Used Internet resources:

The sub-kingdom of Unicellular, or Protozoa, includes animals whose body consists of one cell. The size of the simplest is on average 0.1-0.5 mm. There are individuals of even smaller size - about 0.01 mm. There are also quite large organisms, several millimeters and even centimeters long.

inhabit protozoan unicellular animals predominantly in a liquid environment - in the sea and fresh water, moist soil, in other organisms. Outwardly, they are very diverse. Some resemble shapeless gelatinous lumps (for example, amoeba), others have a geometrically regular shape (for example, ray).
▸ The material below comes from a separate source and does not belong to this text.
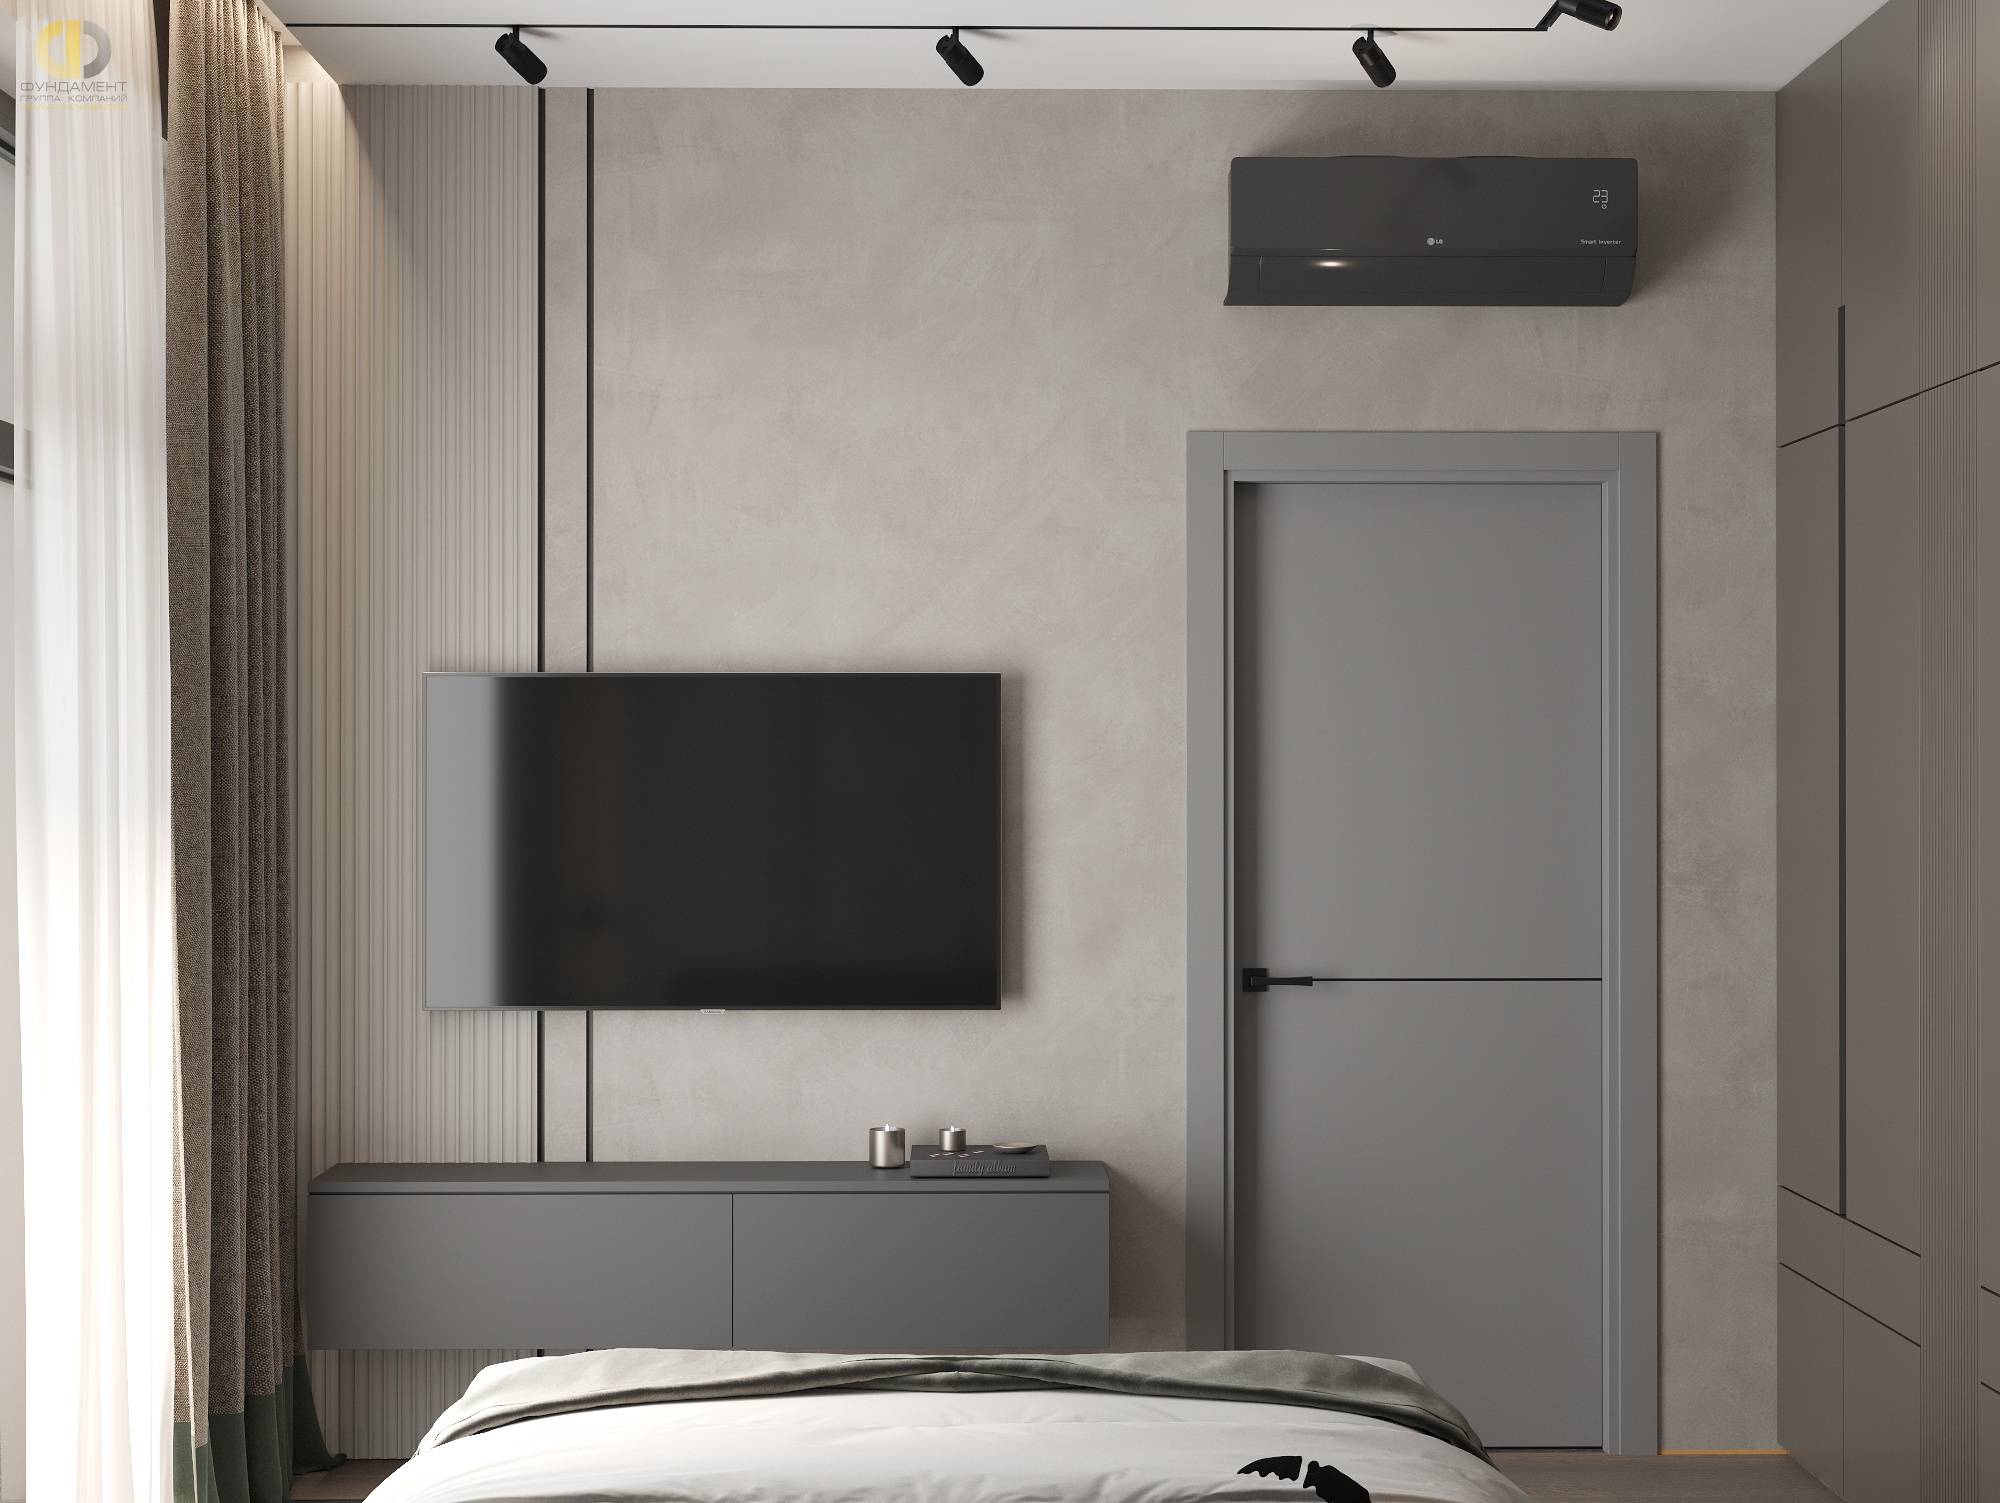 Дизайн спальни в стиле cовременном – фото 6
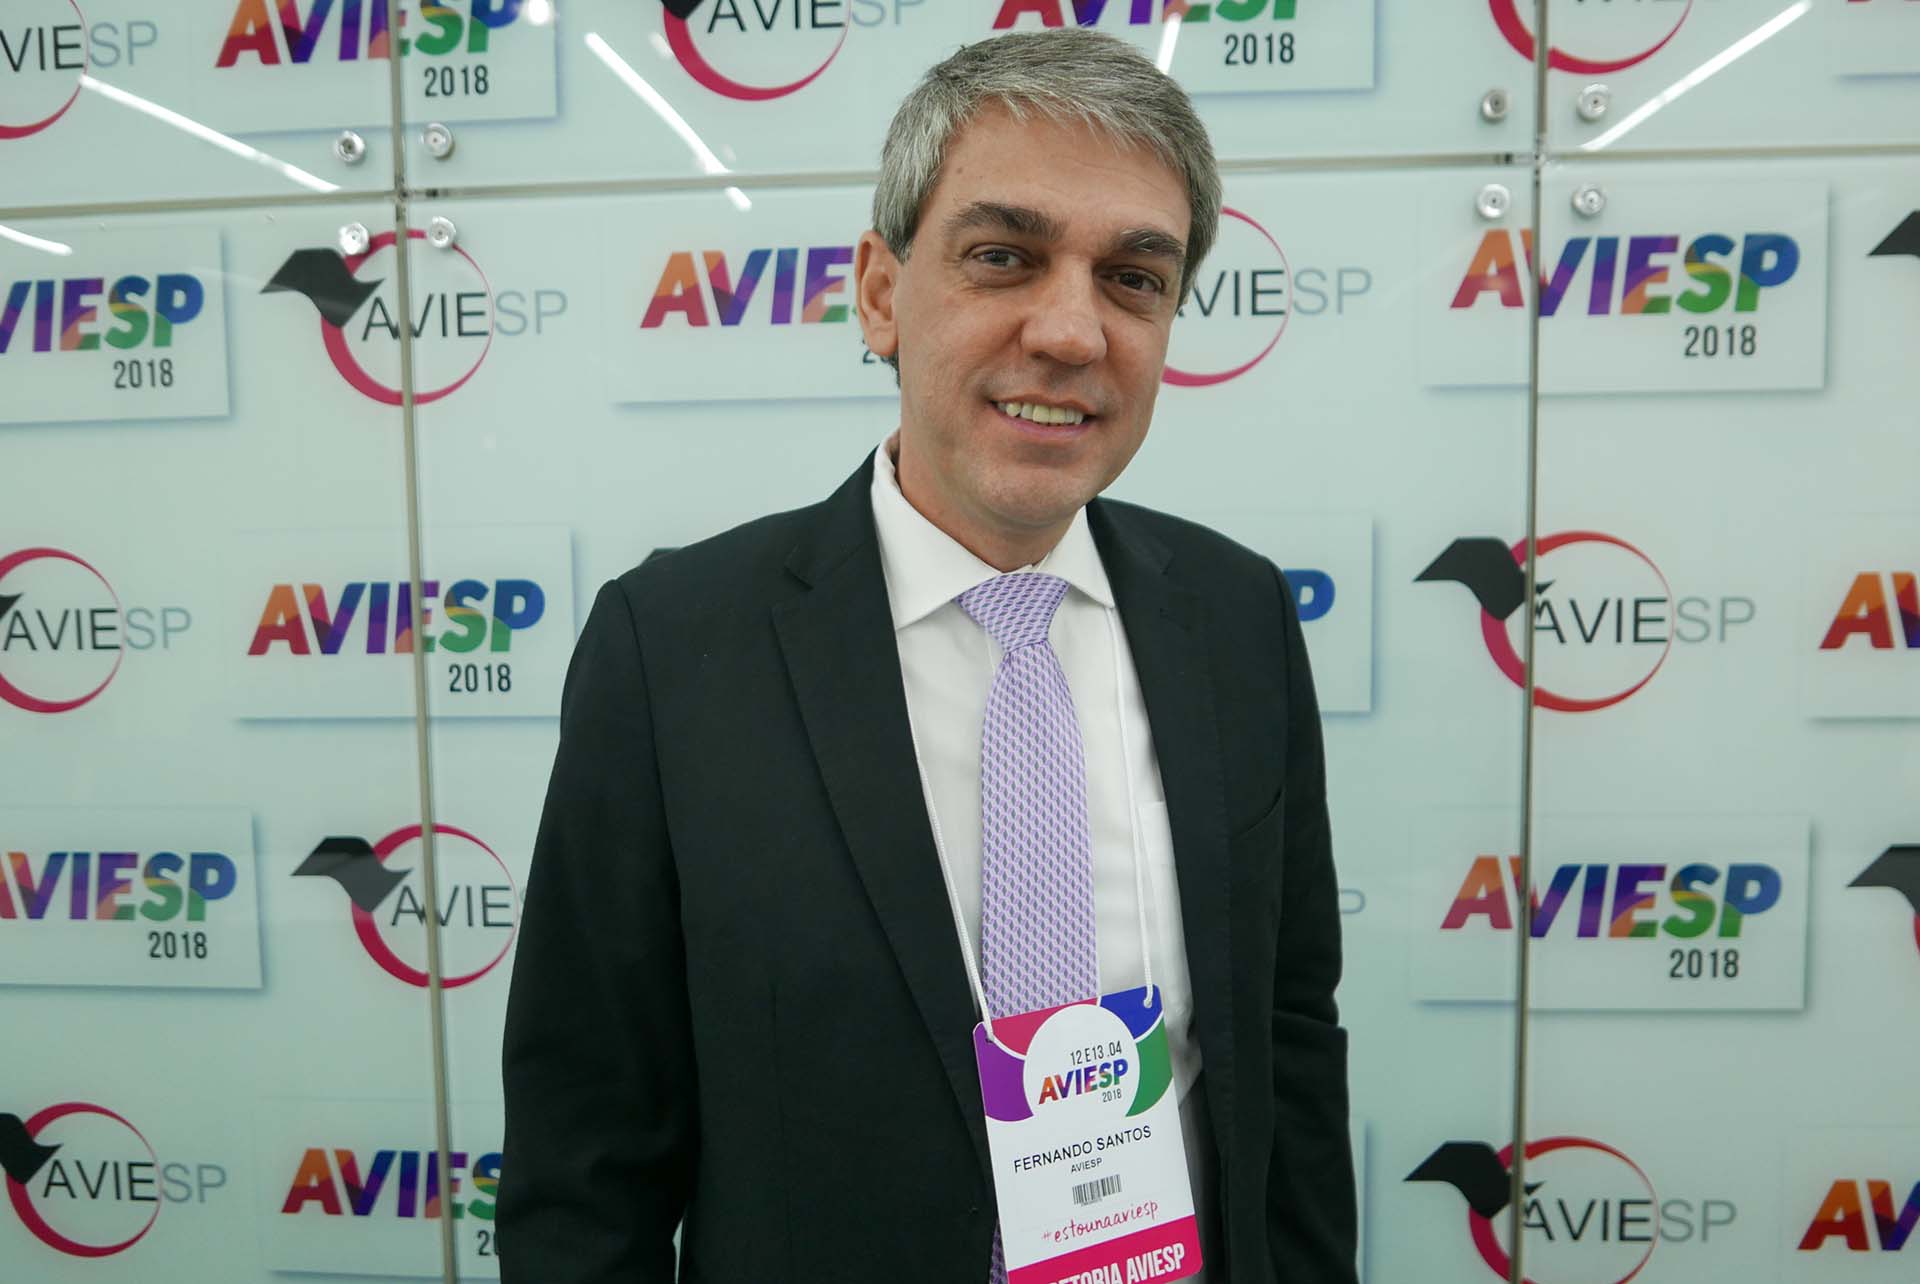 Fernando Santos, presidente da Aviesp

Protozoa has about 30 thousand species.

The structure of ciliates shoe and amoeba

The structure of euglena green

Table signs of protozoa unicellular animals

Signs of the simplest unicellular	amoeba vulgaris (Class Rootlegs)	Euglena green (class Flagellates)	Infusoria Tu-felk (Infusoria class)
Structure	Consists of cytoplasm, nucleus, contractile vacuole, pseudopod, digestive vacuole (see fig.)	Consists of a shell, nucleus, flagellum, eye, contractile vacuole, nutrients, chloroplasts (see fig.)	Consists of a membrane, small and large nuclei, contractile and digestive vacuoles, mouth, powder, cilia (see fig.)
Traffic	"Flowing" with the help of pseudopods	Locomotion with a flagellum	Locomotion with cilia
	Food can be bacteria, microscopic algae. The amoeba captures food by extending pseudopods anywhere on the body. They envelop the prey and, together with a small amount of water, immerse it in the cytoplasm. This is how the digestive vacuole is formed - phagocytosis, the capture of liquid drops - pinocytosis. From the digestive vacuole, soluble products of digestion enter the cytoplasm, and undigested residues are excreted from the body in any part of the cell.	Autotrophic (photo-synthesis) or heterotrophic (phagocytosis and pinocytosis)	They feed on various microorganisms, mainly bacteria. The movement of the cilia located along the oral cavity drives the prey into it. Together with water, it enters the cellular mouth, then into the pharynx. A digestive vacuole is formed, undigested residues are ejected through the powder.
Reproduction	The amoeba reproduces by division. In this case, the nucleus is divided in two. The newly formed nuclei diverge to the sides, and a transverse constriction appears between them, dividing the amoeba into two daughter cells that live independently. After some time, young amoeba also begin to divide. For reproduction, the water temperature is about +20 °C.	The reproduction of organisms of this species of euglena is asexual - by dividing the cell in half, in contrast to the infusoria-shoe, which is also characterized by the sexual process.	Ciliates reproduce asexually - by transverse division, like amoeba. The small nucleus is divided into two first, then the large one. At the same time, a transverse constriction appears. She eventually divides the ciliates into two young (daughter) cells. They grow and, with good nutrition and optimal temperature, the next day they become adults and can divide again. For ciliates, the sexual process is also characteristic in the form conjugations(fusion of two cells and exchange of genetic information)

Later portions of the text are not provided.